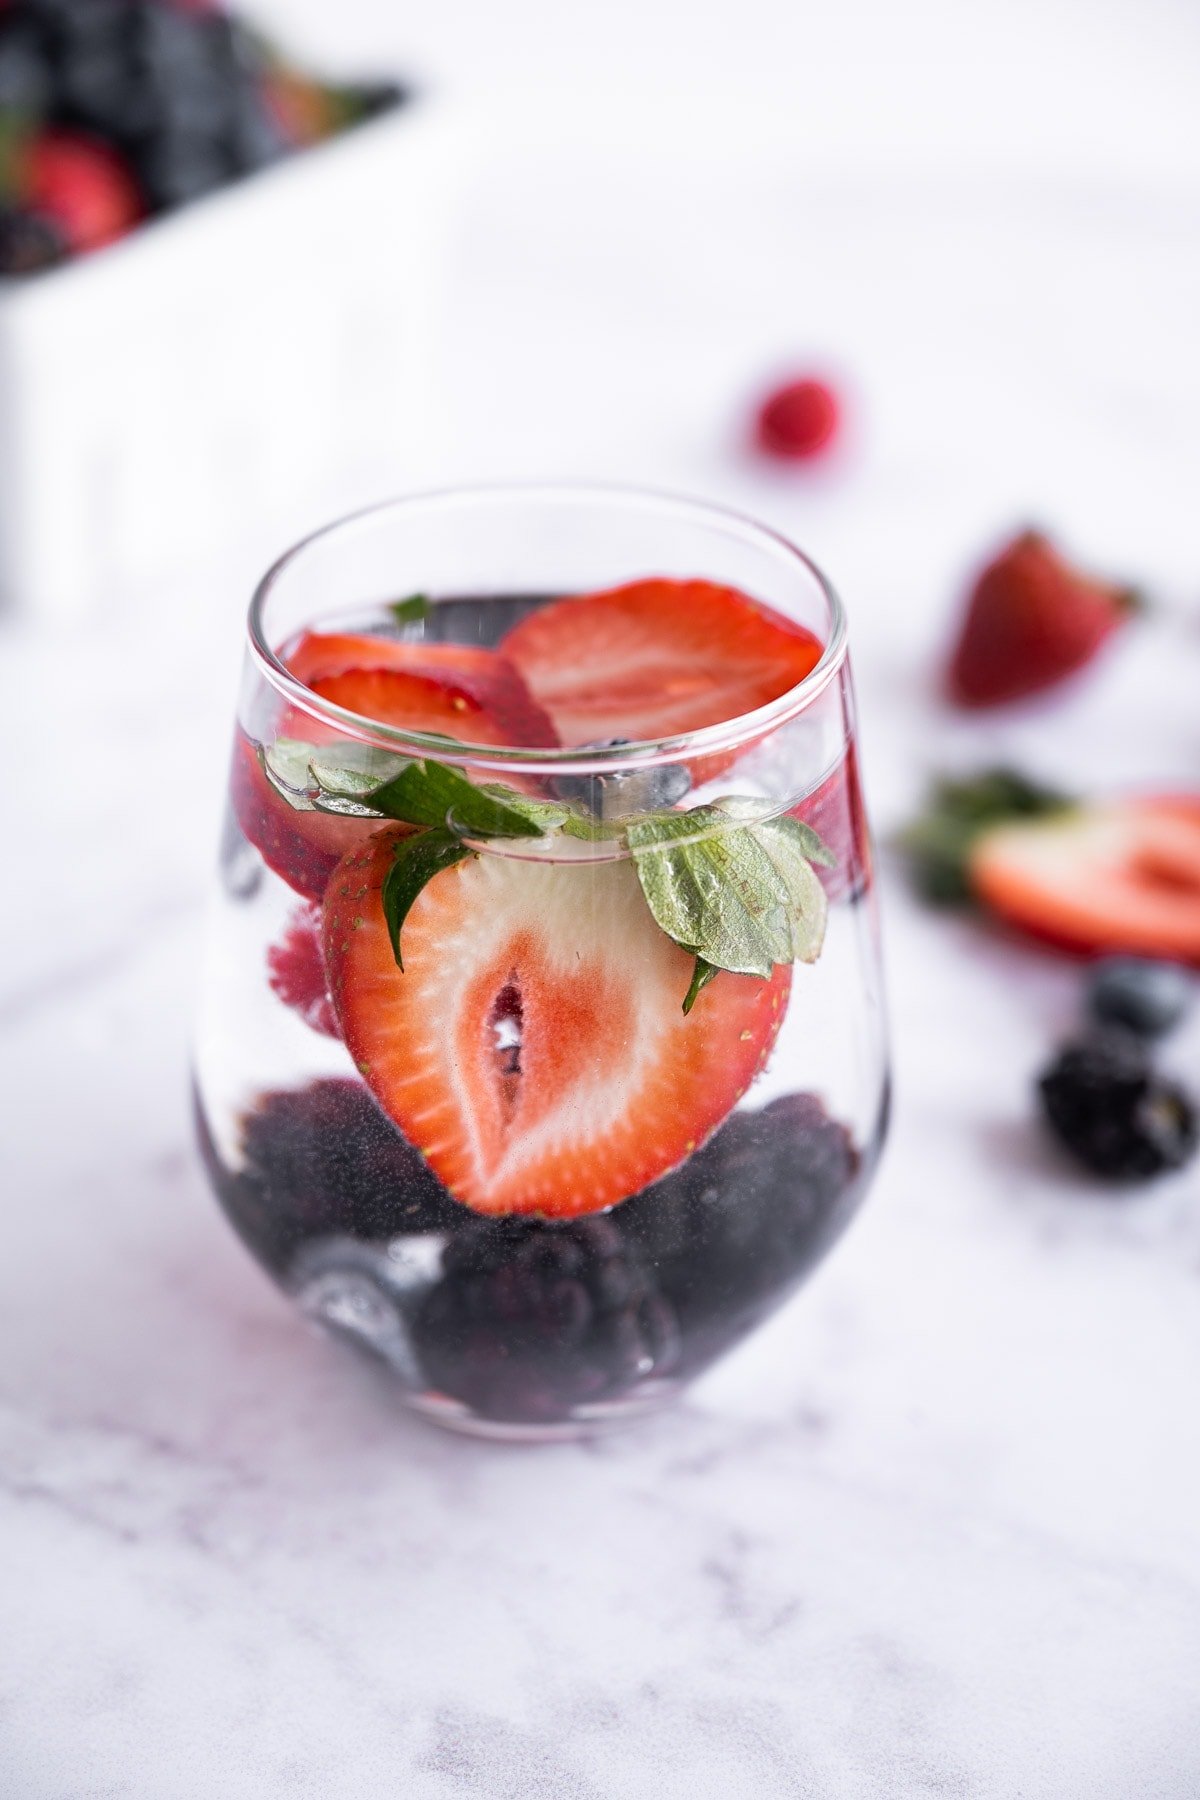 Strawberries, blueberries, and blackberries in a glass with water.
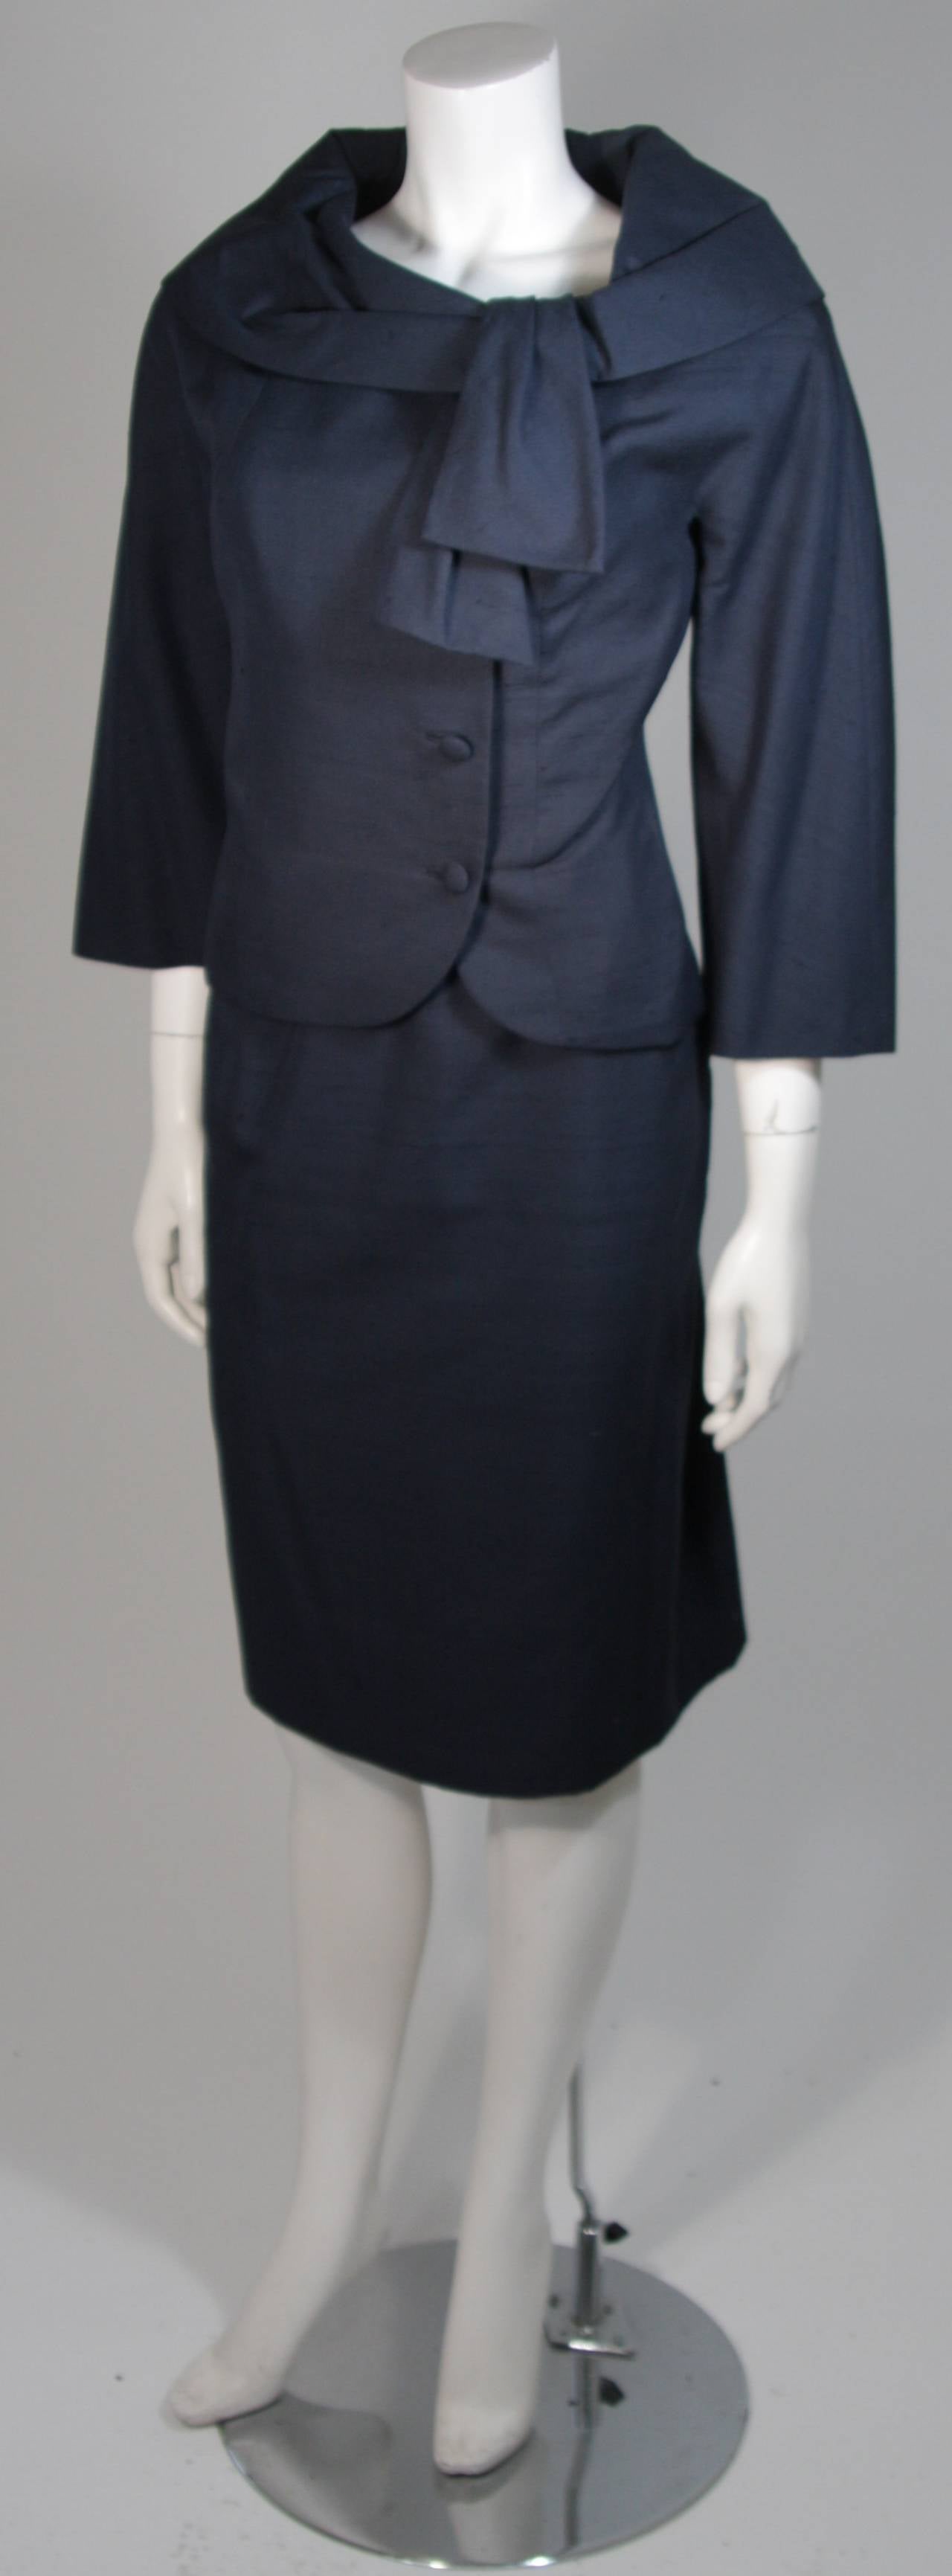 This fabulous Don Loper jacket, comprised of navy silk shantung, features a perfectly placed portrait collar, three-quarter length bracelet sleeves, and off-center covered buttons down the front. 
Matching navy silk pencil skirt. 
Both pieces are
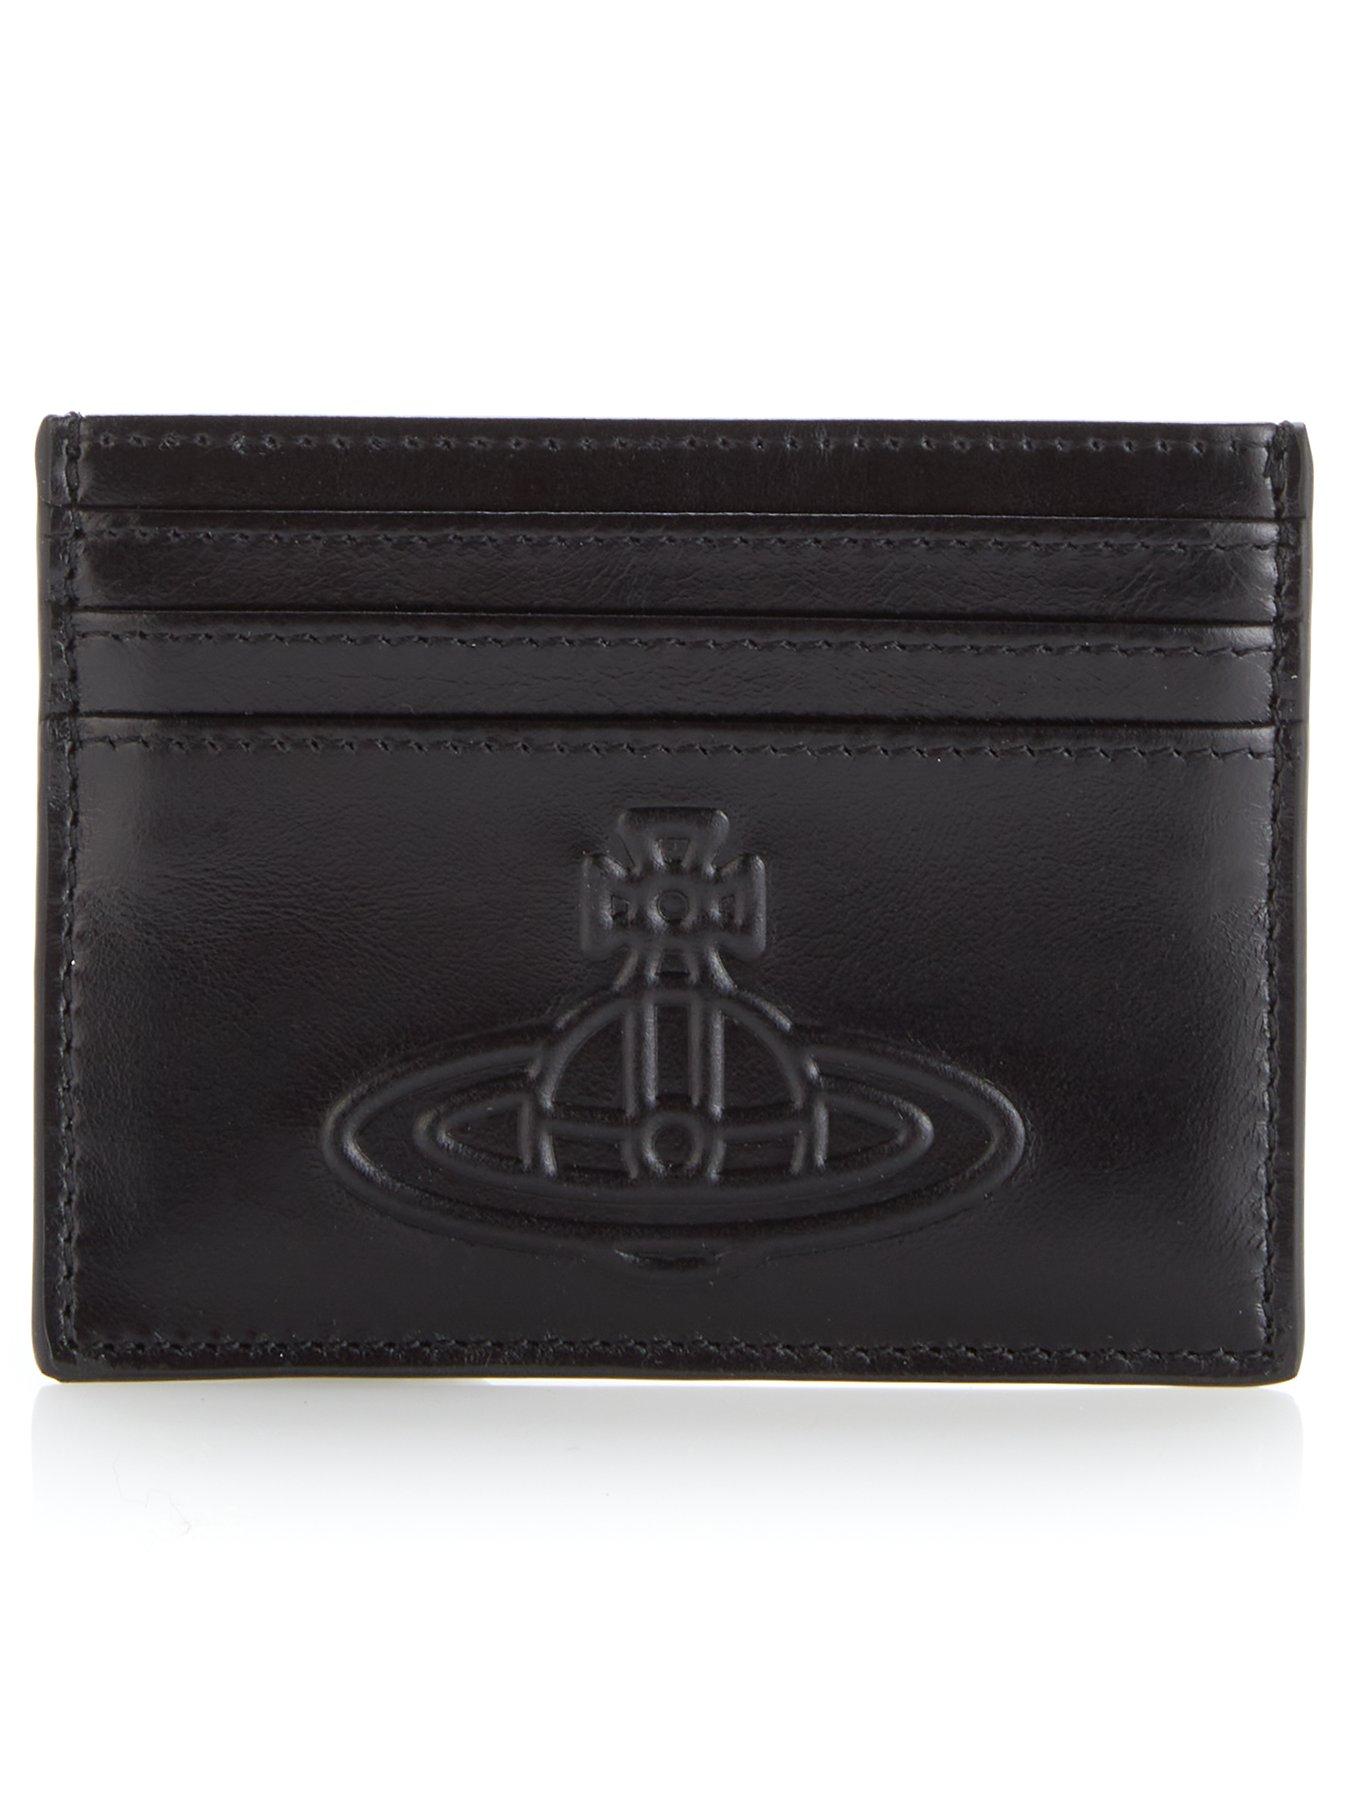 Womens Mens Accessories Mens Wallets and cardholders Vivienne Westwood Black Logo Leather Wallet 
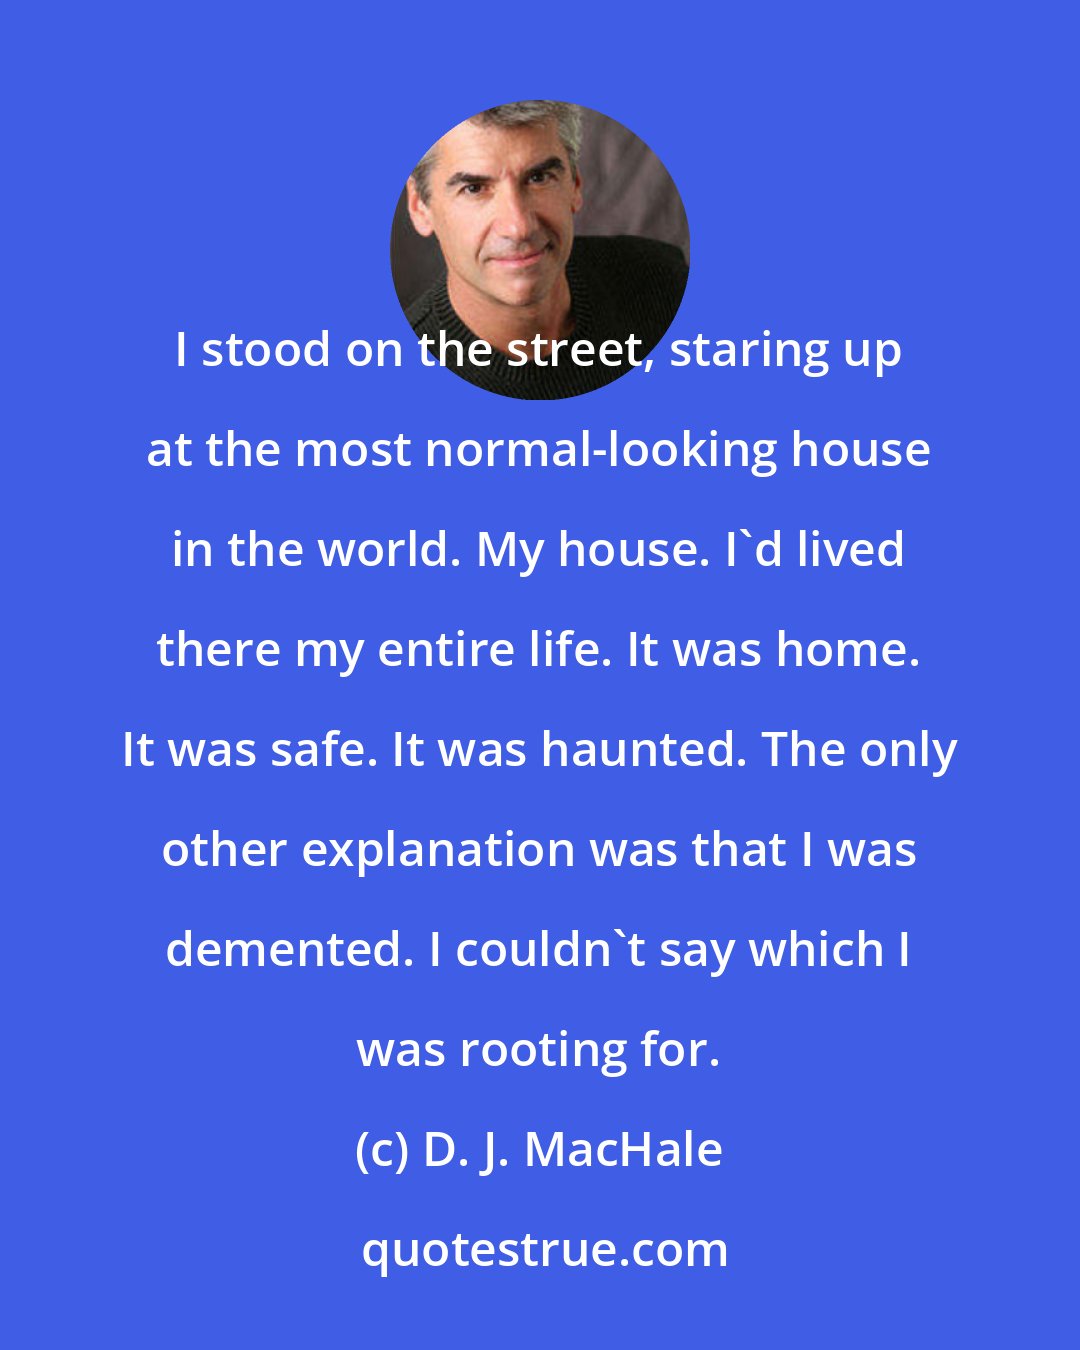 D. J. MacHale: I stood on the street, staring up at the most normal-looking house in the world. My house. I'd lived there my entire life. It was home. It was safe. It was haunted. The only other explanation was that I was demented. I couldn't say which I was rooting for.

★ ★ ★ ★ ★ ★ ★

* What is being asked
Set down, word for word, the line that holds "Womens Mens Accessories" and all lines after it to the end of the entries above, but not the pictures.

* Output
 Womens Mens Accessories Mens Wallets and cardholders Vivienne Westwood Black Logo Leather Wallet 
 D. J. MacHale: I stood on the street, staring up at the most normal-looking house in the world. My house. I'd lived there my entire life. It was home. It was safe. It was haunted. The only other explanation was that I was demented. I couldn't say which I was rooting for.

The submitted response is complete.